It has been so long since I've had a tuna sandwich.
I can't eat pre-made tuna sandwiches, the kind you find in bakeries or delicatessens, because their tuna is usually mixed with onions and I HATE onions. HATE. Yes, I know onions are an important ingredient in most Chinese dishes and feature prominently in Italian cuisine. And yes, I partake of both types of foods on a fairly regular basis, especially Chinese, as I happen to be Chinese. But I refuse to eat onions.
"A few of them won't kill you," a friend has been known to comment. Hah! MUCH YOU KNOW.
So now I have my own home with my own kitchen (and running water! -- always a plus) and my own dining table. I still don't have a gas tank, that's on the To-Do list, so I haven't started cooking, but I've been making sandwiches to bring to work with me.
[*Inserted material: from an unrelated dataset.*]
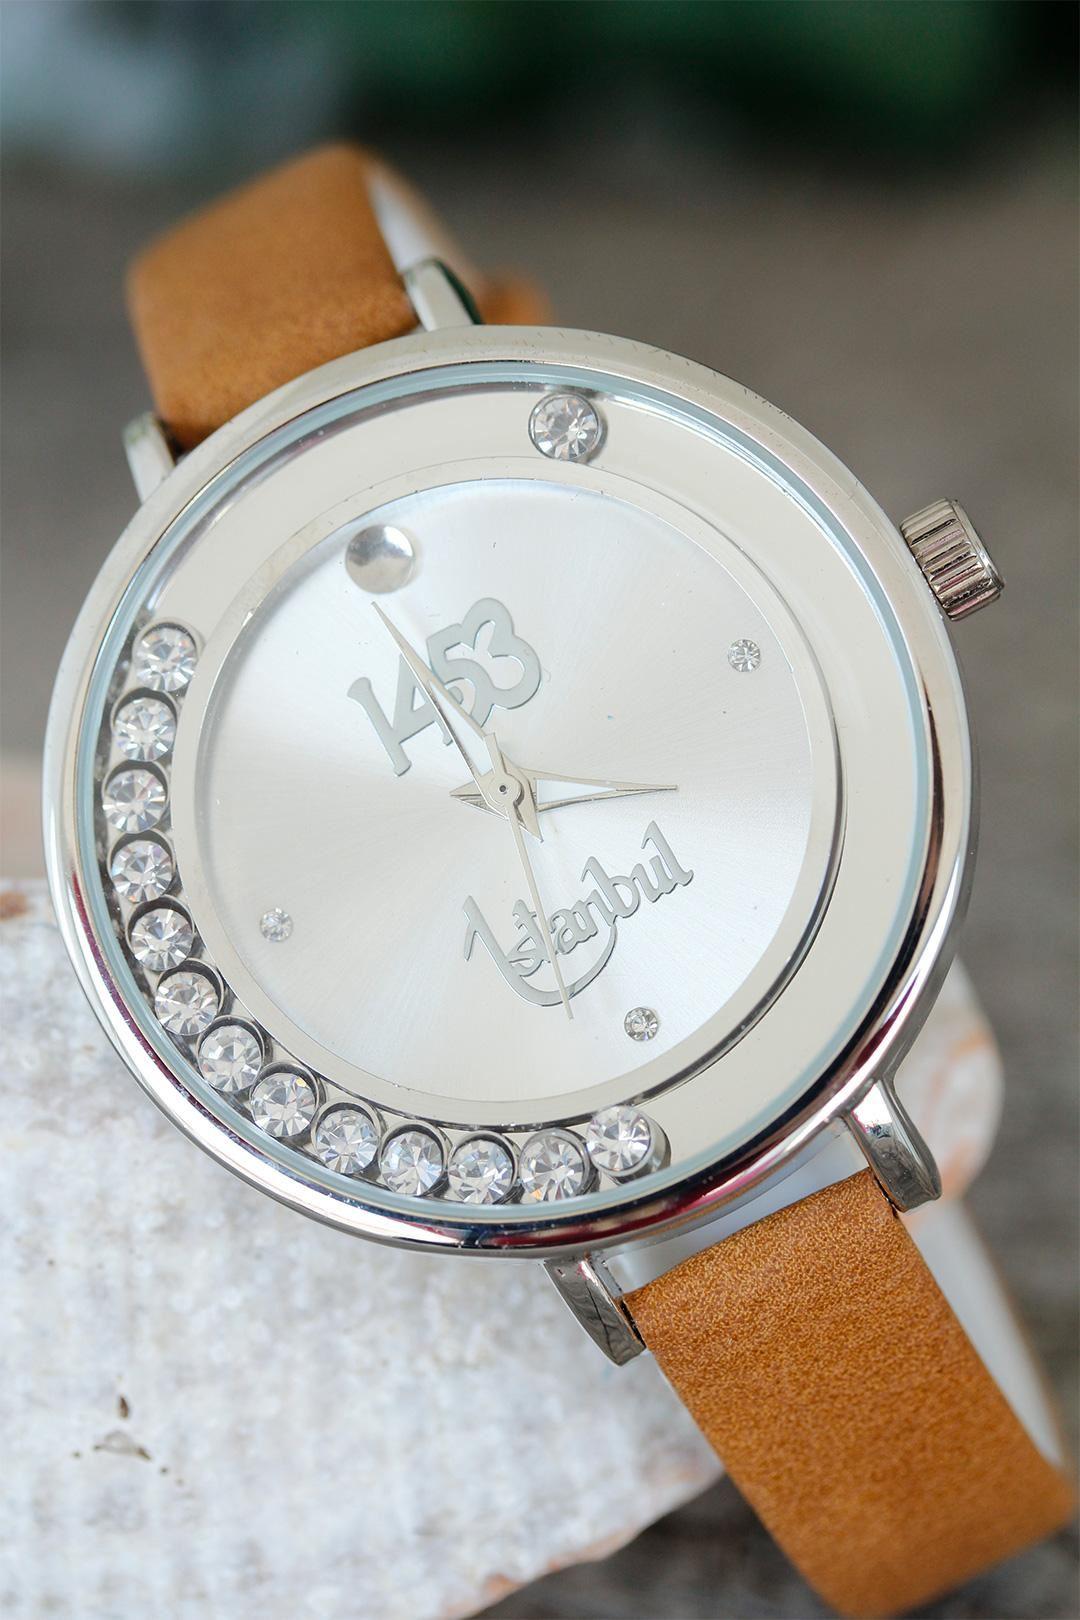 İstanbul 1453 Tasarımlı Kahverengi Deri Kordonlu Bayan Saat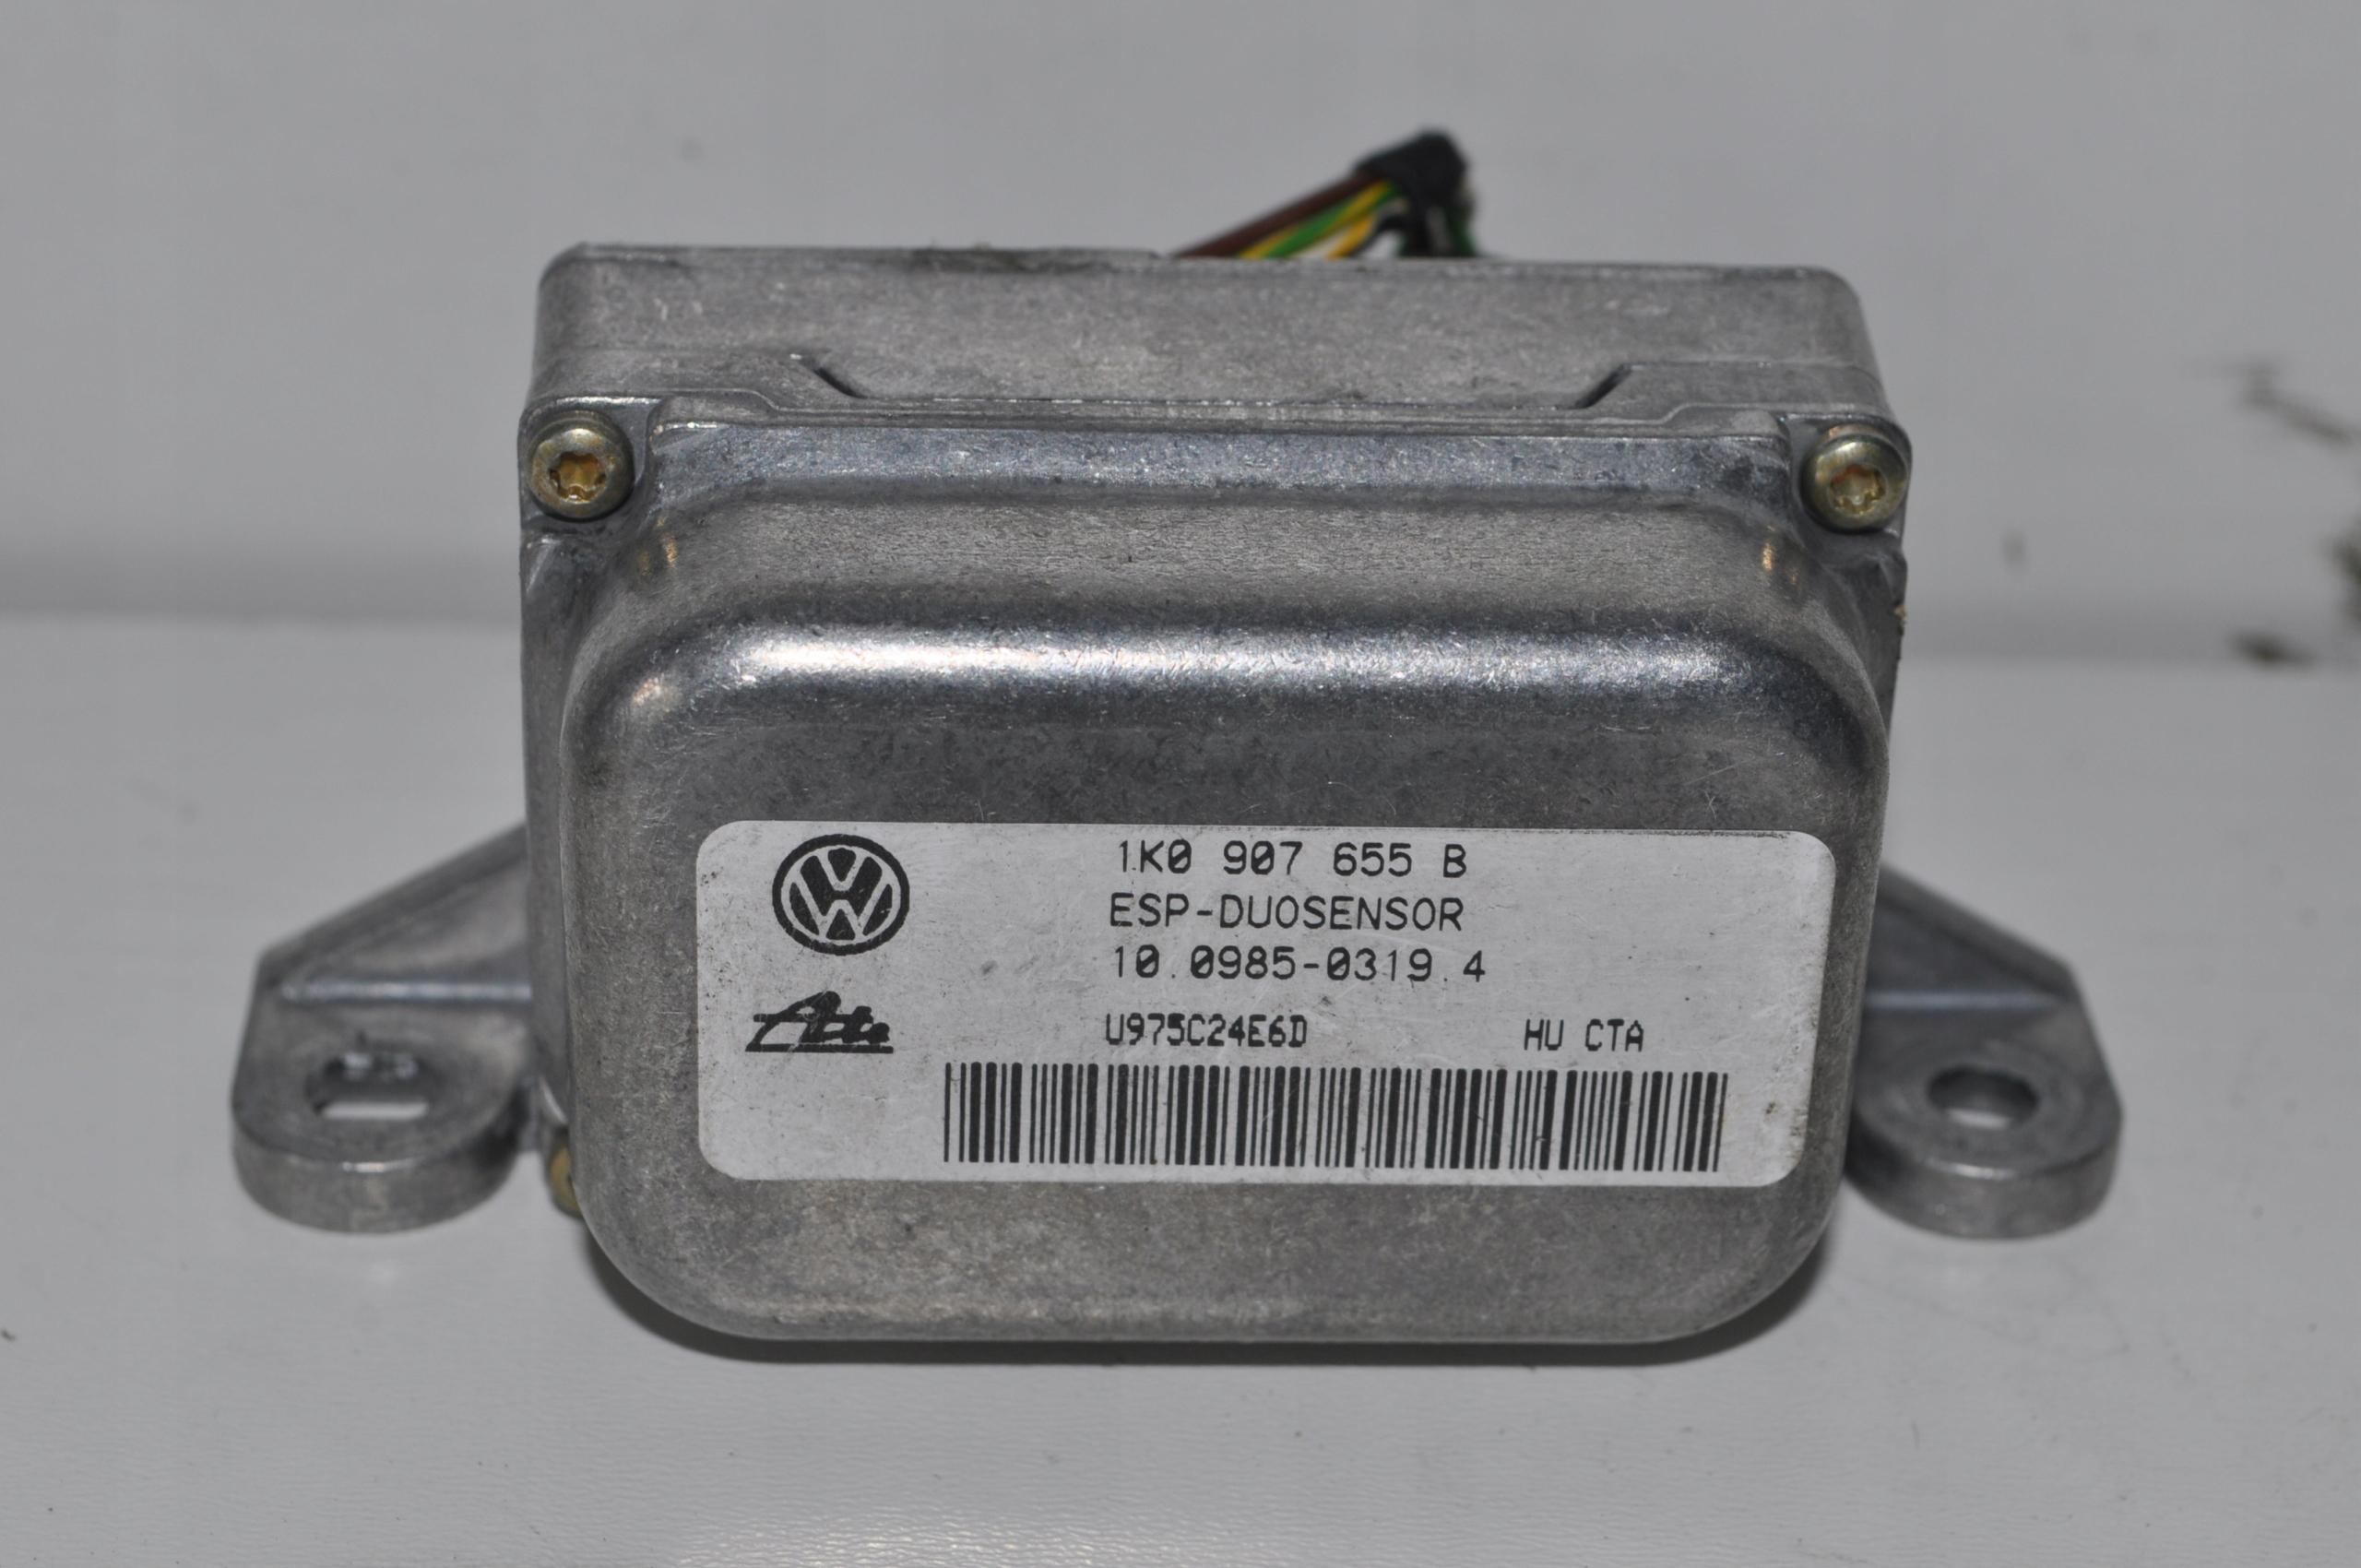 сенсор модуль датчик esp audi vw гольф v 1k0907655b

There's nothing like munching on your very own yummy sandwich to start the day.
Last week was Ham-and-Cheese sandwich week; this week is Tuna week.
On the first day of the endeavour I realised that although I had finally remembered to buy a knife, I had completely forgotten the accompanying chopping board and so couldn't cut my tomatoes. (Or I could have, with probably a bit more mess.) And when I went to wash the lettuce leaves, I discovered I had forgotten the need for a colander with which to drain the water from my poor drowned lettuce. D'oh.
Knife-buying is not as straightforward a process as you might think it is. You go to the store with but one thought: I need a knife. Then you find the aisle with cutlery and kitchen implements and there are about a billion types of knives: paring knives, utility knives, chef's knives, bread knives, carving knives, slicing knives, and God knows what else. It's just like when you go to Starbucks and you just want a coffee. There is no such thing as "just a coffee". Apparently there's also no such thing as "just a knife", either.
After going through a bout of knife anxiety (I am buying something I'm going to be using in my kitchen for years to come and what if I buy the wrong knife and can't cut the things I need to cut to cook the food I need to cook to eat the food I need to eat? How will I survive?), I finally got my knife. Only to discover, when I reached home, that I had no chopping board. Which necessitated another trip to the store a few days later: yay, more shopping! Fortunately, a chopping board is a chopping board. All I had to decide was whether I wanted it made of wood or plastic; no agonising necessary!
Hence, last night I was finally able to dice some baby carrots to add to my tuna. Tuna + carrots + mayonnaise + NO ONIONS = hella winning combination, if you ask me. With extra leafiness provided by the lettuce, an abundance of fresh crunchy veggie goodness which you can never find in store-bought sandwiches. I love me veggies, even though I am carnivorous. Real sandwiches have veggies.
Mom used to pack food for me to bring to school, but in all my years of working I can barely remember packing anything from home to bring to the office. It's really great that when I'm hungry I can reach out and my sandwich is there, right there, and it's ALL MINE: made by me, with all the ingredients I love the most, and NO ONIONS. What more could a person ask for?